Question

Two bodies $A$ and $B$ of masses $m$ and $2m$ respectively placed on a smooth floor are connected by a spring. A third body $C$ of mass $m$ moves with velocity $v_0$ along the line joining $A$ and $B$ and collides elastically with $A$. At a certain instant of time $t_0$ after collision it is found that the instantaneous velocities of $A$ and $B$ are same. The compression in the spring at $t_0$ is $x_0$, then:

• A. The common velocity of $A$ and $B$ at time $t_0$ is $\frac{v_0}{3}$.
• B. The spring constant is $k=\frac{3m{v}_0^2}{2x_0^2}$.
• C. The spring constant is $k=\frac{2m{v}_0^2}{3x_0^2}$ .
• D. None

Answer 1

Answer: (A), (C)

The correct options are
A The common velocity of $A$ and $B$ at time $t_0$ is $\frac{v_0}{3}$.
C The spring constant is $k=\frac{2m{v}_0^2}{3x_0^2}$ .
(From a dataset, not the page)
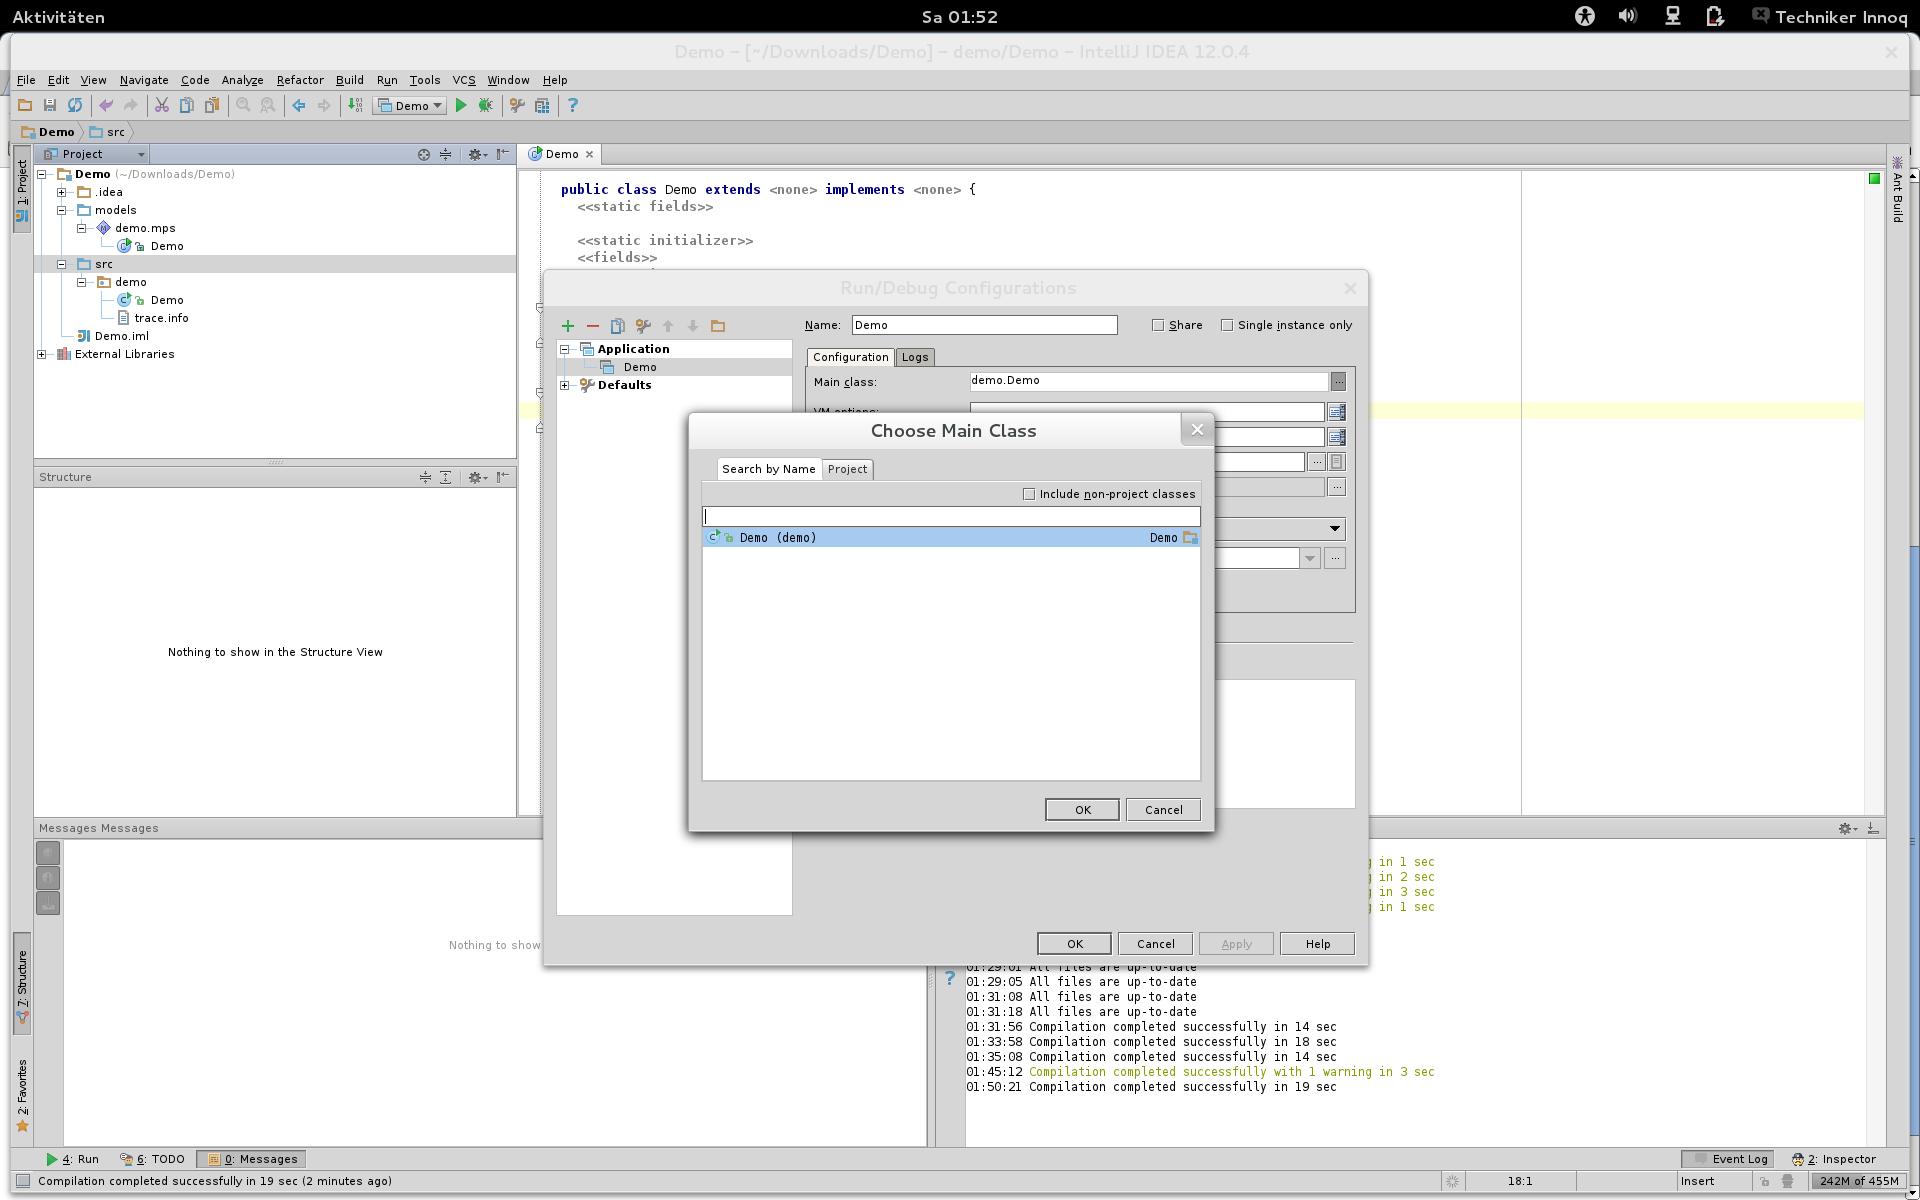 Bildschirmfoto am 2013-02-16 01:52:23.png

Applying momentum conservation law,
$p_i=p_f$
$3m{v}^{{}^{\prime }}=m{v}_0$
$\therefore v^{{}^{\prime }}=\frac{v_0}{3}$
Now,
$\frac{1}{2}m{v}_0^2=\frac{1}{2}m{\left(\frac{v_0}{3}\right)}^2+\frac{1}{2}\left(2m\right){\left(\frac{v_0}{3}\right)}^2+\frac{1}{2}k{x}_0^2$
$=\frac{1}{2}\frac{m{v}_0^2}{9}+\frac{1}{2}2m\frac{v_0^2}{9}+\frac{1}{2}k{x}_0^2$
$\Rightarrow m{v}_0^2=\frac{m{v}_0^2}{3}+k{x}_0^2$
$\therefore k{x}_0^2=\frac{2}{3}m{v}_0^2$ $\therefore k=\frac{2m{v}_0^2}{3x_0^2}$